Das DHC-R wird von der Deutschen Leberstiftung über die Leberstiftungs-GmbH Deutschland in Zusammenarbeit mit dem Berufsverband niedergelassener Gastroenterologen Deutschlands (bng) geführt. Finanziell unterstützt wird das Register von den Firmen AbbVie Deutschland GmbH & Co. KG, Gilead Sciences GmbH, MSD Sharp & Dohme GmbH sowie Bristol-Myers Squibb GmbH & Co. KGaA und Janssen-Cilag GmbH (jeweils bis zum 14.07.2020) und Roche Pharma AG (bis zum 14.07.2017). Die inhaltlichen Vorbereitungen für die Durchführung des Registers erfolgten mit finanzieller Unterstützung des DZIF (Deutsches Zentrum für Infektionsforschung).
Positionspapiere zu COVID-19 und Leber
Patienten mit fortgeschrittenen Lebererkrankungen sowie Lebertransplantierte stellen wohl anfällige Gruppen für COVID-19 dar und sind wahrscheinlich einem erhöhten Infektionsrisiko und/oder einem schweren Verlauf von COVID-19 ausgesetzt. Um die bestmögliche Versorgung in der Pandemie zu unterstützen, haben die EASL (European Association for the Study of the Liver) und die ESCMID (European Society of Clinical Microbiology and Infectious Diseases) ein Positionspapier erarbeitet, das Empfehlungen für Ärzte enthält, die Patienten mit chronischen Leberkrankheiten behandeln. In den letzten Monaten hat sich zunehmend gezeigt, dass bei der Versorgung von Patienten mit COVID-19 bestehende Lebererkrankungen und Leberschäden berücksichtigt werden müssen. Daher wurde sechs Monate nach Beginn der Pandemie eine Aktualisierung dieses Positionspapiers erarbeitet.
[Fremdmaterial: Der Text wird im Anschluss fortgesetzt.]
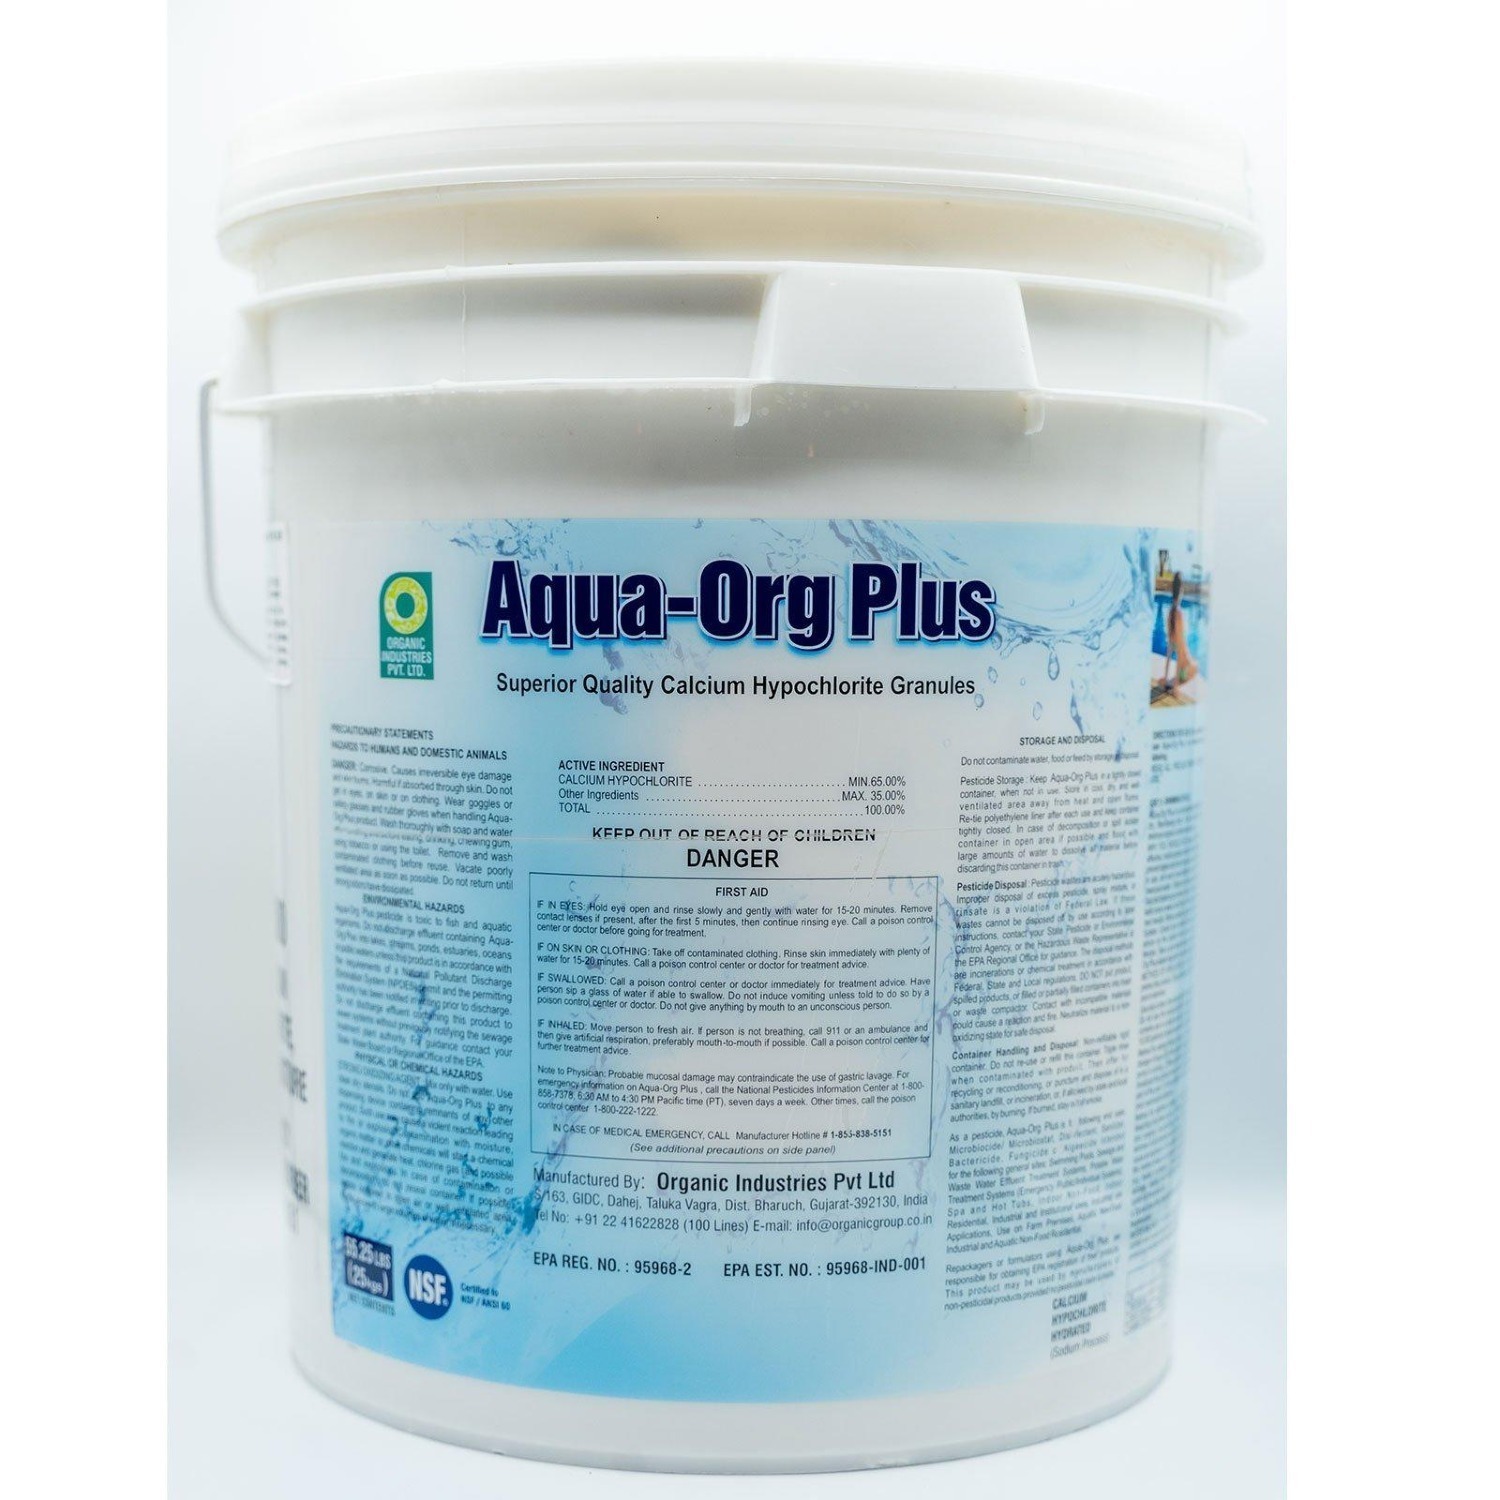 55lb Pyrock Chemical Aqua-Org Plus Calcium Hypochlorite Granules $150 + Free Shipping

Es fasst die Evidenz für eine Auswirkung von Lebererkrankungen auf den Krankheitsverlauf von COVID-19 zusammen und gibt Empfehlungen für die Rückkehr zur Routineversorgung, wo immer dies möglich ist.
Professor Dr. Markus Cornberg, Medizinischer Geschäftsführer der Deutschen Leberstiftung und als Autor an beiden Publikationen beteiligt, betont die Bedeutung der Veröffentlichungen: „In den letzten Monaten wurden viele Studienergebnisse publiziert, die zeigen, wie sich COVID-19 auf die Leber auswirken kann und wie bereits bestehende Lebererkrankungen, vor allem eine Leberzirrhose, den klinischen Verlauf von COVID-19 beeinflussen könnten. Auch wenn wir bei weitem noch nicht alle Aspekte der Erkrankung kennen und verstehen, zeigt sich immer deutlicher, dass bei der Betreuung von Patienten mit COVID-19 bereits bestehende Lebererkrankungen und Leberschädigungen während des Krankheitsverlaufs berücksichtigt werden müssen. Darauf weisen wir vor allem mit der zweiten Veröffentlichung hin und geben entsprechende Empfehlungen.“
Die Deutsche Leberstiftung hat deutsche Übersetzungen der beiden Publikationen herausgegeben, die auf der Website www.deutsche-leberstiftung.de abgerufen werden können. Die Originalbeiträge stehen unter www.jhep-reports.eu/article/S2589-5559(20)30047-1/fulltext bzw. www.jhep-reports.eu/article/S2589-5559(20)30103-8/fulltext zur Verfügung.